Talk about the idea of grief.
I mean it’s the word that really will help us make sense of what goes on. Grief is not just about death in the physical sense. It’s the grief that accompanies a worldview. And what happens when you have a plague, when you have a pandemic, is that you are reminded that death can randomly exterminate you and it can throw your world upside down like that. Yesterday they were still running in the park and today he’s gone. We know it, but the level, the frequency and the intensity at which we’re experiencing this right now. So there is the sense of the world that we’ve known, there is the sense of the routines that we’ve had, the relationship that we’ve known. It’s that sense of impending loss that we talk about with grief or what is often called anticipatory grief.

Because in some places it hasn’t hit yet, but everybody’s talking about, “It’s coming, it’s coming. It’s this week away.” It’s like being in the beginning of a horror film where the set and the characters have all been set up, but the action is yet to start or it’s just starting slowly and you know that you’re going to get really, really scared. So in the process of grief you have different stages and different ways that people react. Now these are not linearly laid out. People go back and forth with each other and inside themselves or in their community. So you have the people at first that are getting into gear and began stockpiling and began preparing and knew it very early on. They kind of knew something bad is happening and you had the other people that were considered in denial. Why?

Because they said, “This isn’t happening here, this is happening elsewhere. This can’t be happening here.” And gradually people start to think, “Who is there? Where is the government?
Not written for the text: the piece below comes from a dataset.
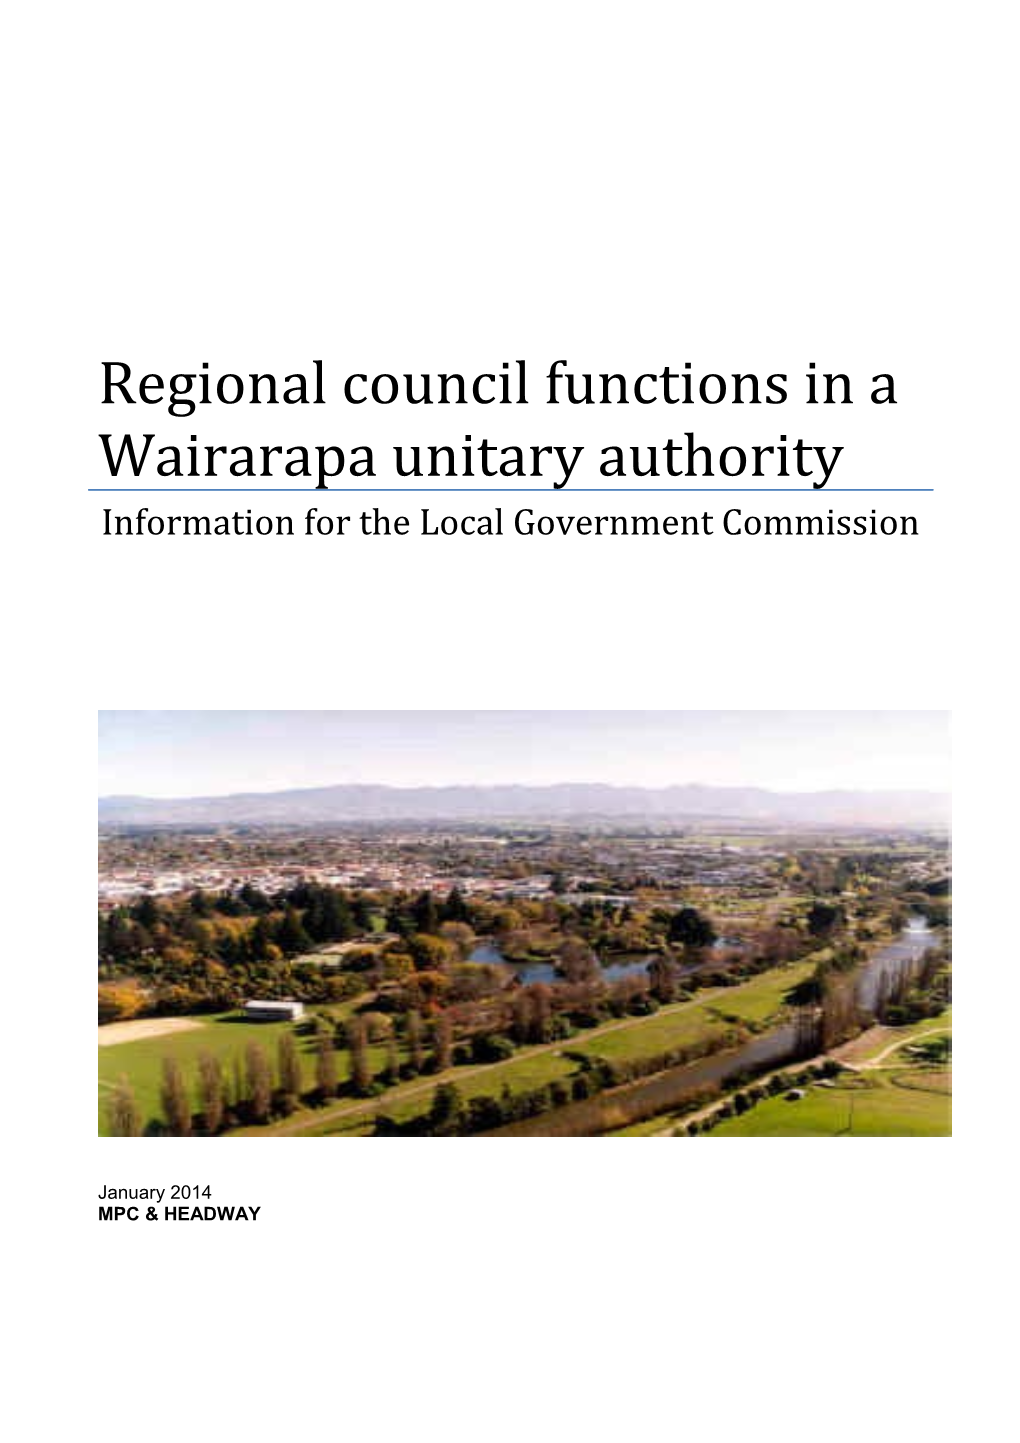 Regional Council Functions in a Wairarapa Unitary Authority

Where are the leaders? Where is the health, the med, the public health facilities and strategies worldwide that are meant to protect us against something like that?” And so then you have stages, denial, anger, bargaining. You bargain, you create order, you think you’re going to be super productive, you’re going to work much better, and then you realize that in fact your productivity is much lesser. People are all over the world, they’re working more and they’re producing less and they are using the very devices that used to keep us apart as the prime way to stay connected.

But at the end of the day they don’t really want to call somebody else because they’ve had it sitting at a screen and they are exhausted. People talk about feeling exhausted and part of the exhaustion is because you try to organize your life in practicalities and not think about the bigger issue, the bigger meaning of what is happening, which is we are vulnerable creatures and no matter how much toilet paper you bought, you can only protect yourself up to a certain point and that is a much more sombering, sad, less resilient American effort optimism kind of approach.